What the task requires — Reproduce the listing below exactly, except for its pictures.
Data excerpt Start Marker
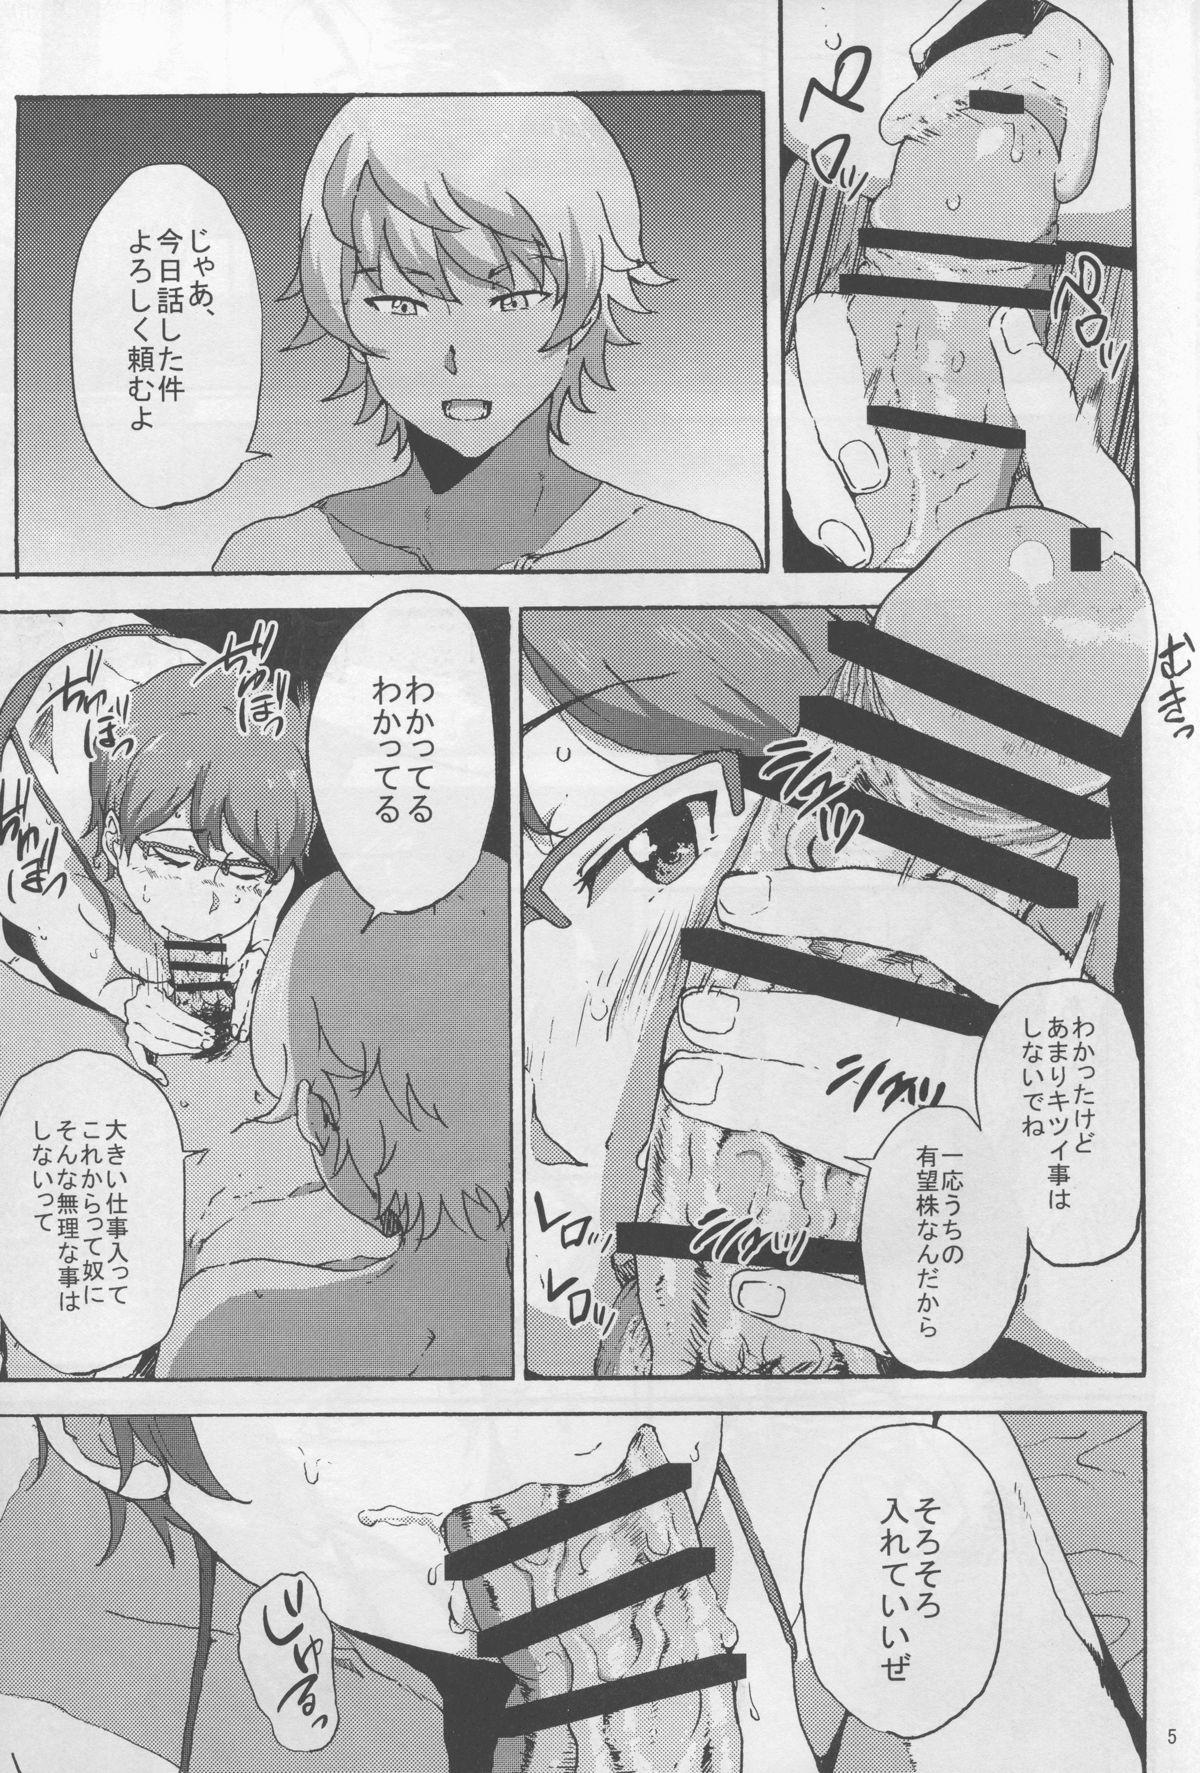 Mirai-chan ga Sandaime SGOCK no Leader ni Damasare Yarechau Hon 4
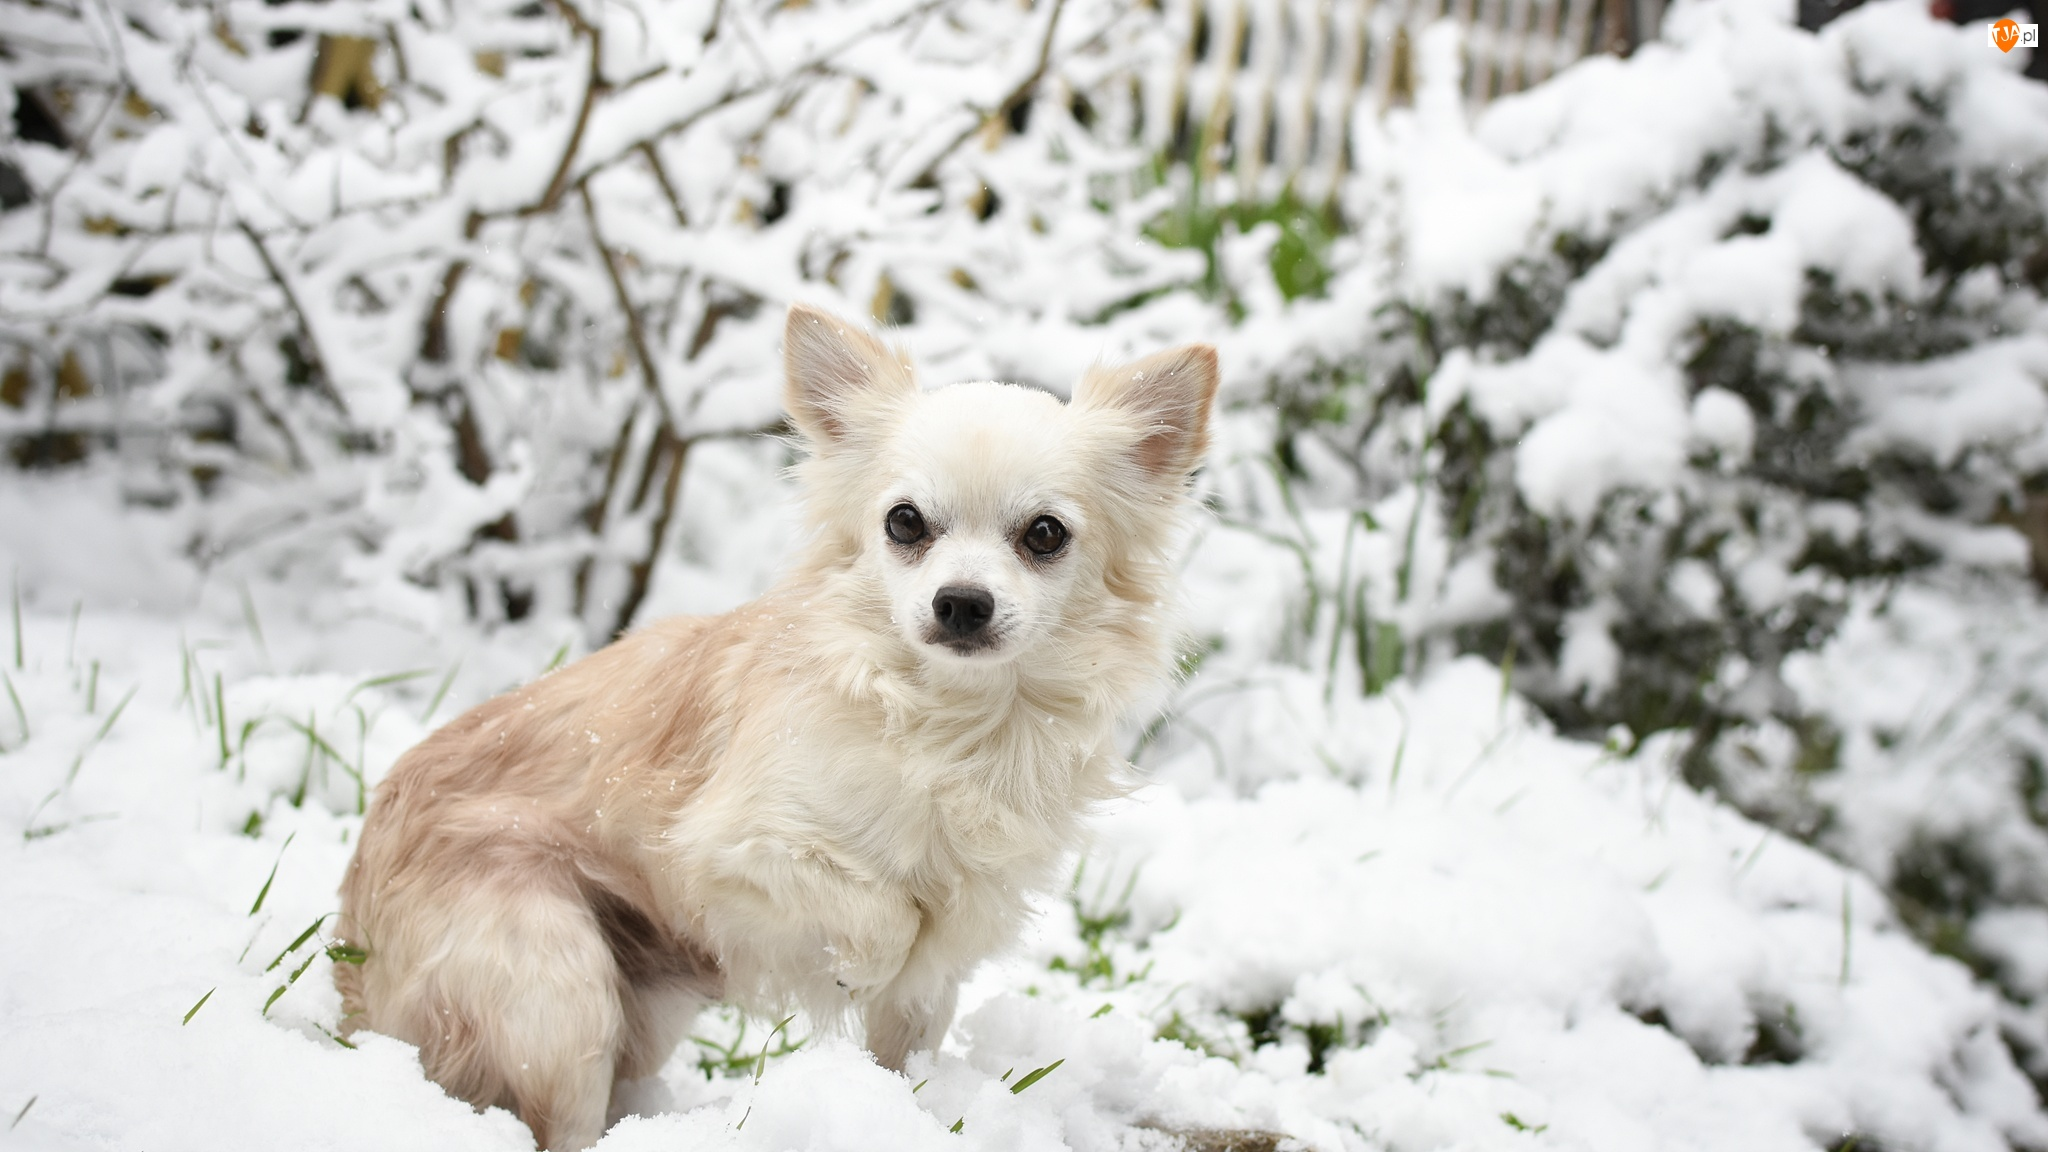 Śnieg, Pies, Chihuahua długowłosa
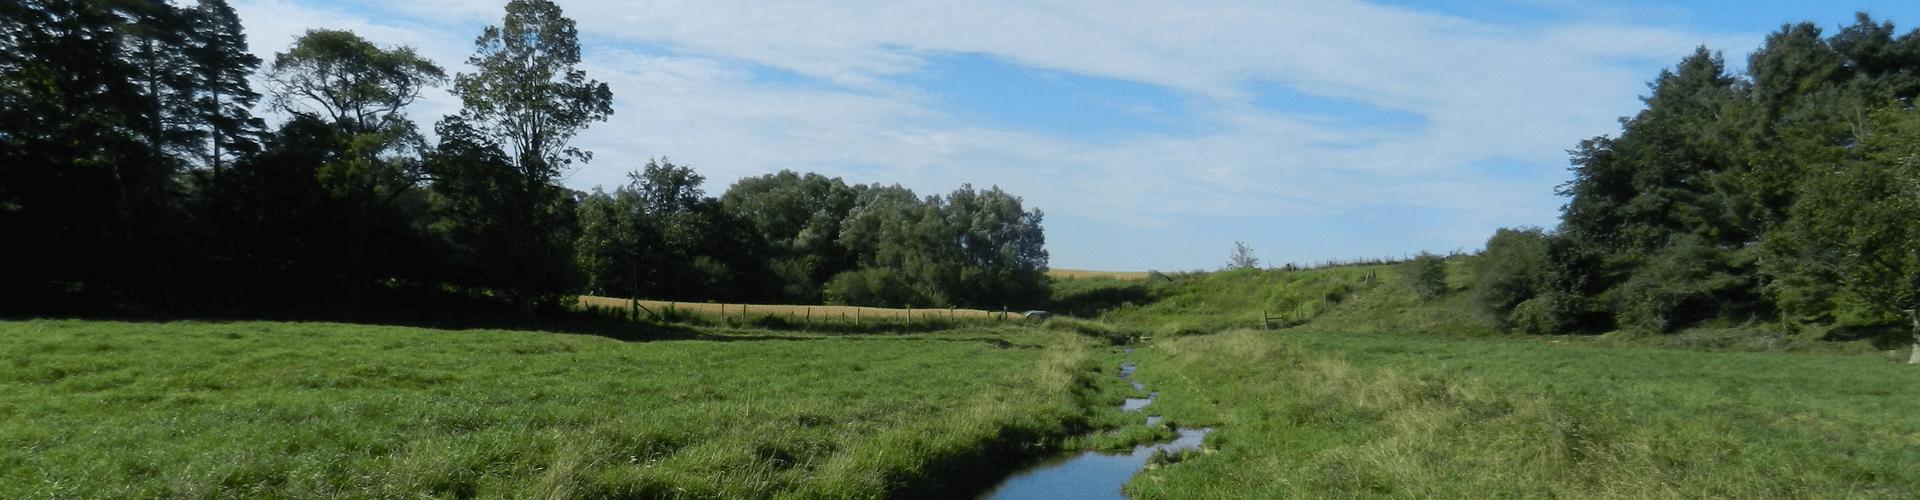 stream running through a field
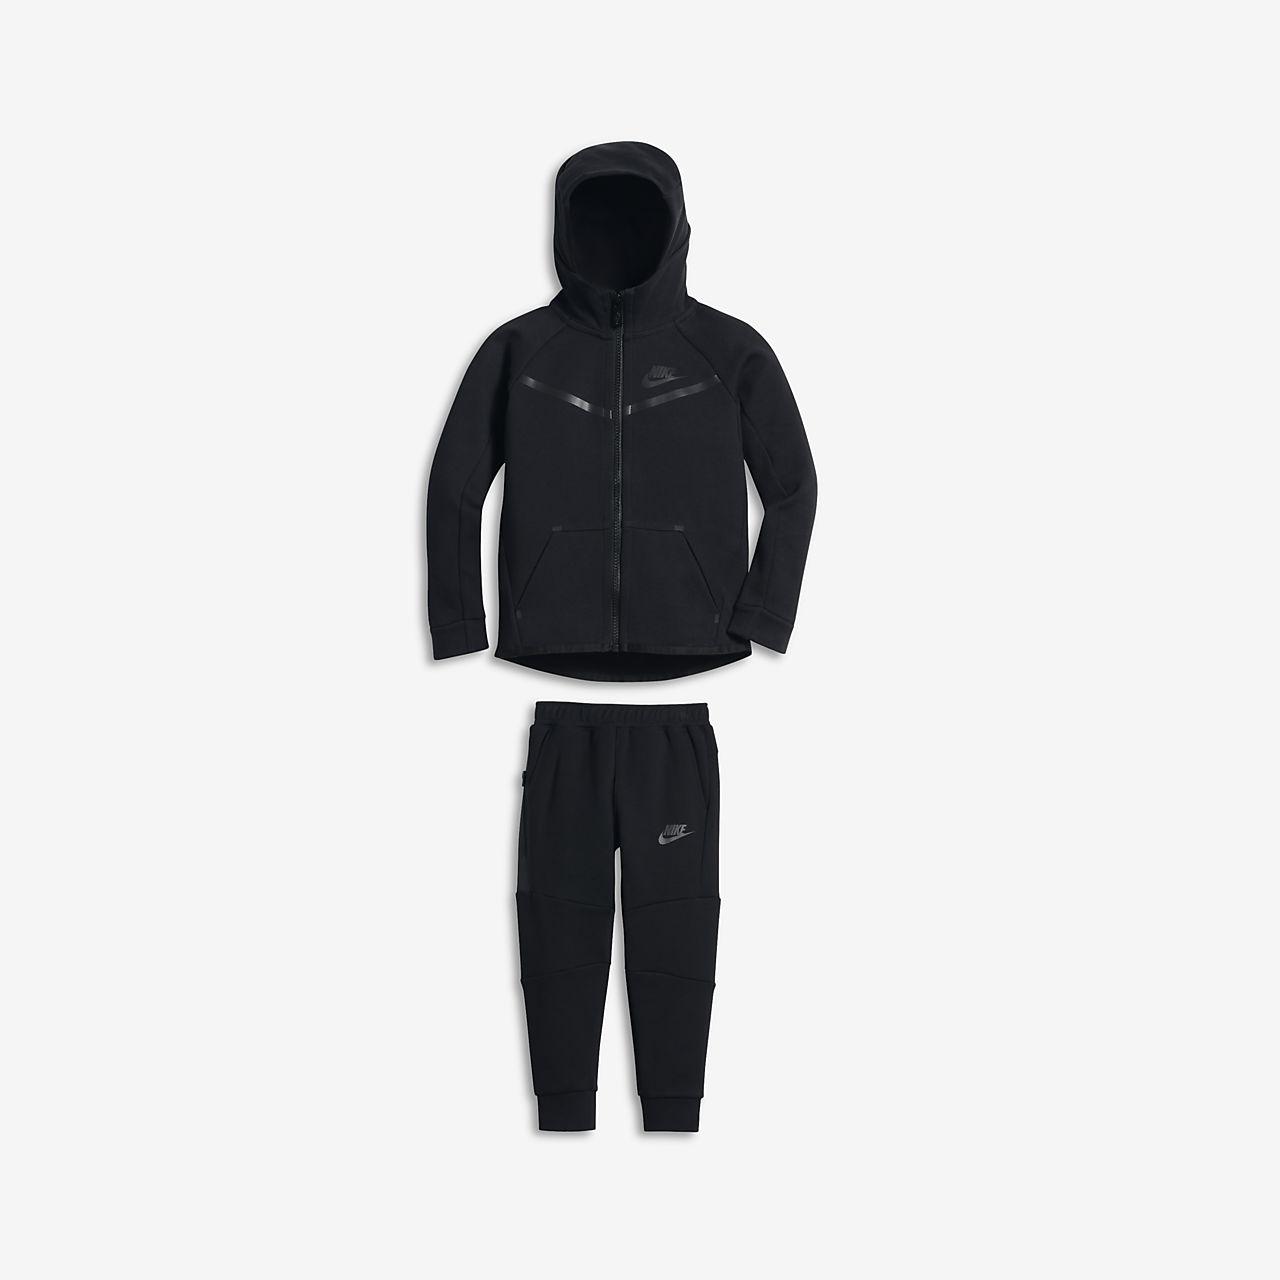 Completo in 2 pezzi Nike Tech Fleece - Bimbi piccoli
Data excerpt End Marker
Solution to this task —
 Mirai-chan ga Sandaime SGOCK no Leader ni Damasare Yarechau Hon 4
 Śnieg, Pies, Chihuahua długowłosa
 stream running through a field
 Completo in 2 pezzi Nike Tech Fleece - Bimbi piccoli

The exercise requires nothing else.